08/07/2016 01:43 EDT | Actualisé 08/07/2016 01:45 EDT

« Existe-t-il d’autres sports où les gens sont en action 24 heures par jour, 7 jours par semaine pendant 9, 10, 12, 60 ou 80 jours ? À ma connaissance, il n’y a que les marins qui font ça. »

Sylvain Gagné, président de Voile internationale Québec, ne peut mieux résumer ce qui attend les équipages à compter du 10 juillet.

Ce dimanche, 26 voiliers prendront le départ de la course qui commémore la première traversée de Jacques Cartier de 1534. Parmi eux se trouvent trois Québécois, dont Charles Mony qui vient de remporter The Transat avec la French Tech Rennes St-Malo de Gilles Lamiré.

stmalo

Le Lyonais d’origine et Québécois d’adoption en sera à sa troisième participation. Celui qui a maintes fois navigué le Saint-Laurent sait à quoi s’en tenir pour la neuvième édition de cette course qui a lieu tous les quatre ans.

« Pour bien finir une transat, peu importe laquelle, il faut arriver de l’autre bord, lance-t-il à une semaine du départ. C’est intense pour nous, mais aussi pour le bateau qu’on pousse au maximum sans le casser ».

Affronter le fleuve

D’abord, il faut s’attaquer au Saint-Laurent jusqu’aux îles Saint-Pierre-et-Miquelon, une portion qui s’étend sur 400 milles nautiques. Cette première partie est la plus exigeante aux yeux d’Éric Tabardel dont le Bleu a participé à la dernière Transat.

« Il y a la côte qui est proche, les bateaux qui circulent, le courant et les vents qui sont très instables et durs à prévoir », mais aussi les hauts fonds qu’on ne retrouve pas dans l’Atlantique, exemplifie le navigateur québécois.

Pour Damien De Pas, co-skipper de Tabardel en 2012, cette première portion est à la fois « très très tactique » et pleine de rebondissements.

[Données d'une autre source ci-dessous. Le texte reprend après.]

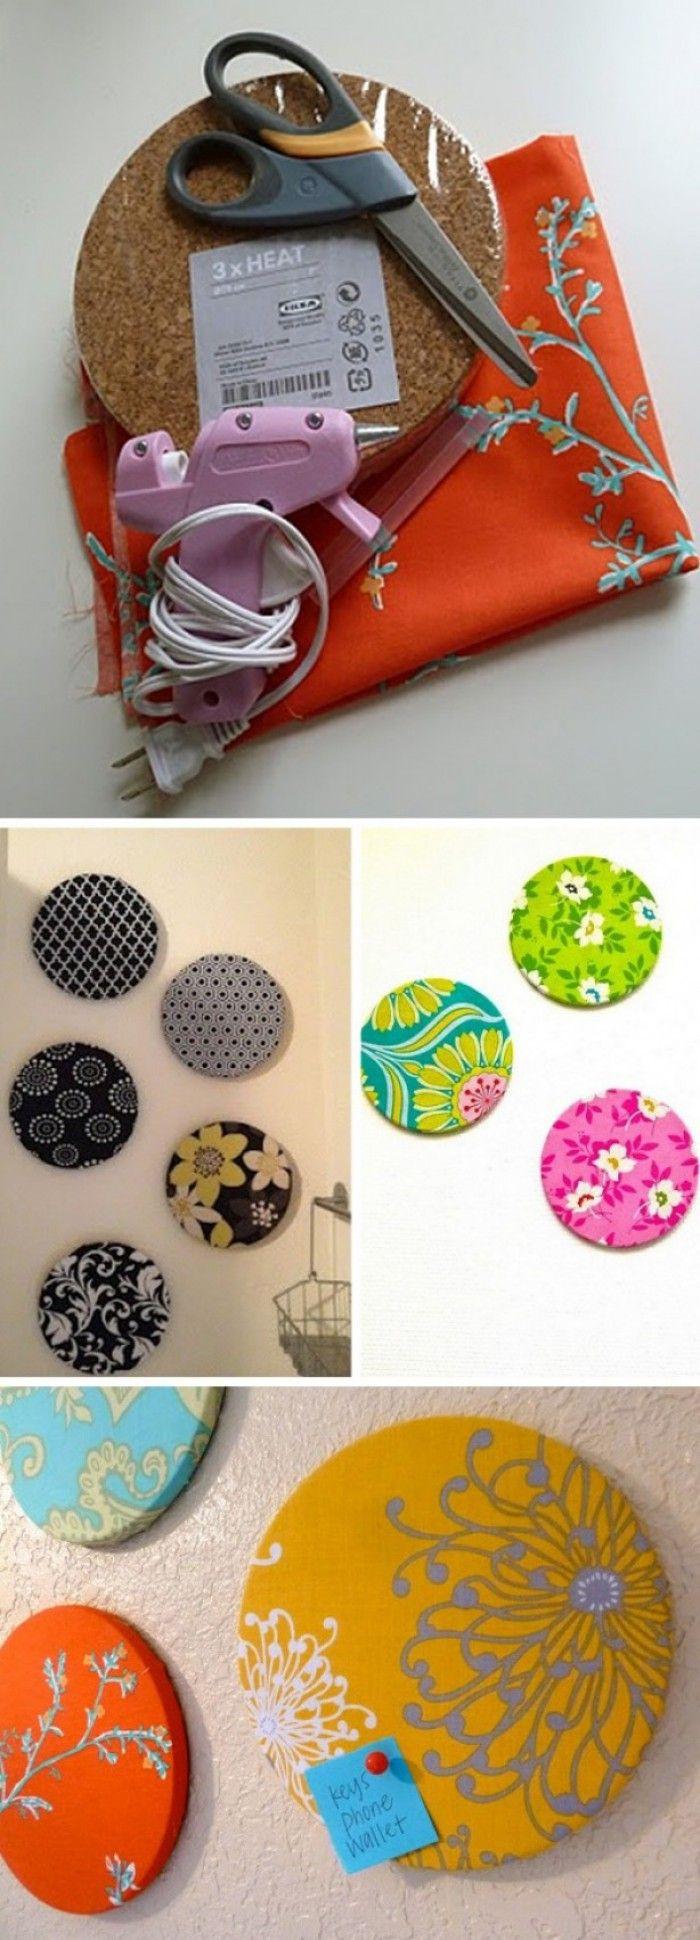 ber ideen zu pinnwand selber machen auf pinterest. Black Bedroom Furniture Sets. Home Design Ideas

L'article se poursuit après la galerie photos.

La Transat Québec St-Malo


« Si on réalise qu’on a pris la mauvaise option et que les camarades passent avec des conditions plus favorables, ce sont des moments où nos nerfs sont mis à rude épreuve, expose celui qui assure la direction de course cette année. Des fois, il y a en a un qui s’échappe et qui va tomber dans une zone sans vent, ce qui fait que les autres passent à côté de lui. »

Contrairement à l’Atlantique, le Saint-Laurent est imprévisible et exige beaucoup des équipages, surtout dans les deux premiers jours où « il y a tellement de choses à faire et de performance à aller chercher qu’on dort très peu, si ce n’est pas du tout », énonce Charles Mony.

La routine en mer

Ce n’est qu’après – et surtout une fois les voiliers arrivés sur l’Atlantique – que la routine s’installe avec ses quarts de travail. « Il doit toujours y avoir deux personnes réveillées avec une troisième en stand by et une quatrième prête à sortir, avise l’équipier franco-québécois. On dort avec nos tenues de voile pour être capables de réagir très vite. »

Chaque journée est entrecoupée de périodes de repos, de travail et de siestes de quelques heures. D’où la nécessité de « se pratiquer à s’endormir vite, à connaître les moments où on s’endort facilement et a toujours être d’attaque dès qu’on ouvre l’œil », précise Éric Tabardel.

Le départ de la Transat Québec St-Malo sera donné au Bassin Louise le 10 juillet à 13h pour les Class40 et les Multi50 de même que le 12 juillet à 15h pour les Ultimes.